Bunları önemsiyorum çünkü; çok eskiden kızımın resim yaparken bulut mavi, çimen yeşil olur tarzı standart renkleri kullanmaya çalışması ve tüm dikkatini çizgileri taşırmama vermesini görünce acayip üzülmüştüm. Niye böyle oldu diye soruşturduğumda ‘küçük kas ve kordinasyonun gelişimi için yapıldığını’ öğrenmiştim. Öğretirken başka özellikleri aşağı çekip frenlemeden yapılmalı.
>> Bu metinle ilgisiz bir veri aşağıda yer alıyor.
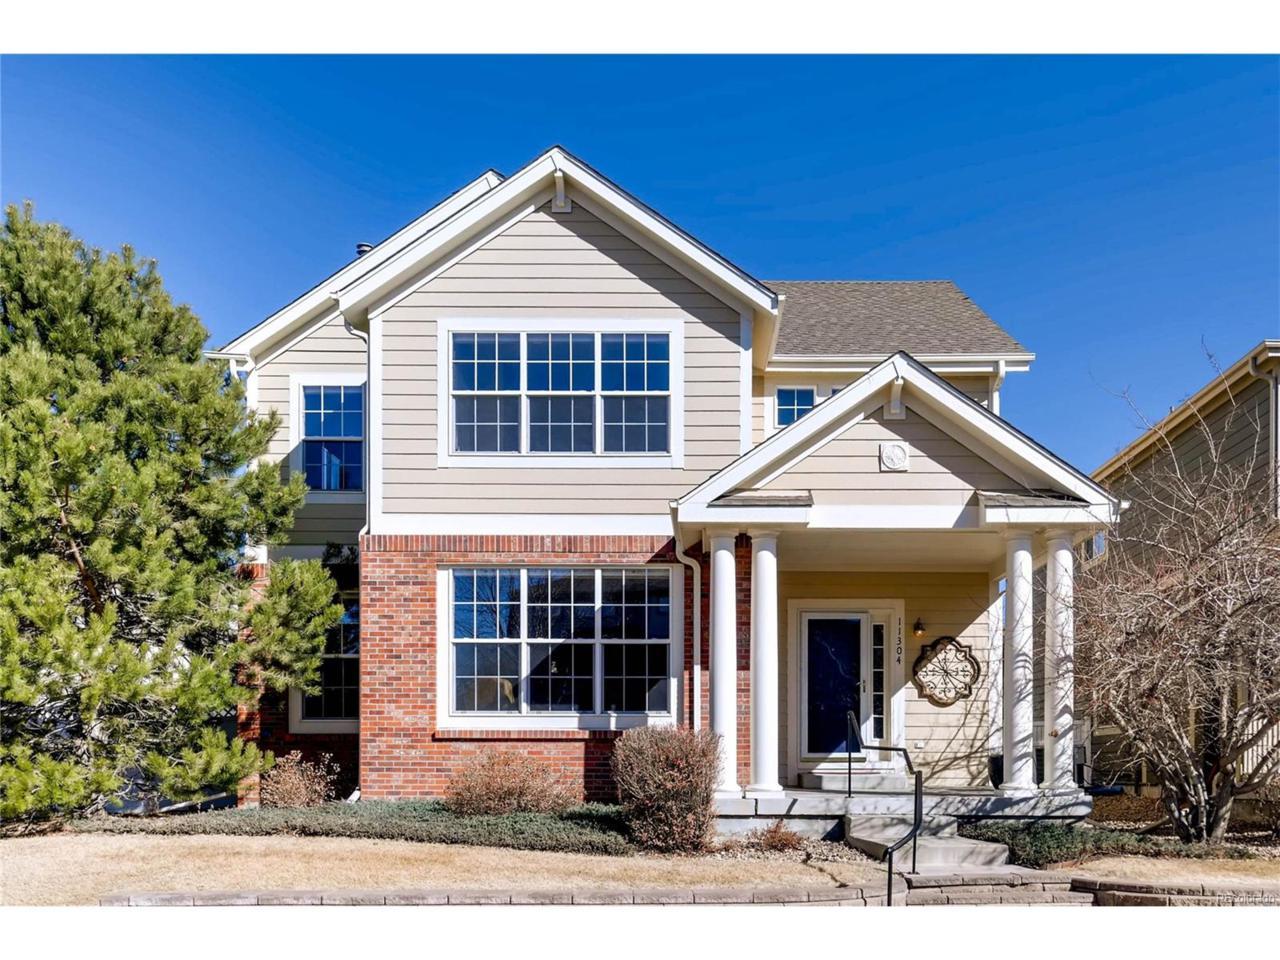 11304 S Fire Rock Drive, Parker, CO 80134 (MLS #7170604) :: 8z Real Estate

Her ortamda, her fırsatta eşe dosta tanıdık tanımadık ne düşündüklerini sormuştuk. Beni bir annenin verdiği örnek etkilemişti; ‘ilk çocuğumu özel okula yolladık. İkicisine bütçemiz yetmedi devlet okuluna yazdırdık. Küçük olan kızım abisinden çok daha başarılı, disiplinli. İngilizce eksiği vardı onu da kursa gönderdik’ demişti. Evet her çocuk farklıdır ve nasıl olursa olsun başarı tanımı karakteriyle şekillenir. İster devlet, ister özel okul. Hevesi olan her koşulda destek gördüğü sürece parlar.
Kendi gücünü ve değerini bilen, farkında, özgür ve mutlu çocuklar… kulağa nasıl geliyor bilmiyorum ama bunlara sahip yetişkin her şartta başarılı ve mutlu olur.
Son söz. Eğitimde fırsat eşitliği tüm çocukların hakkı.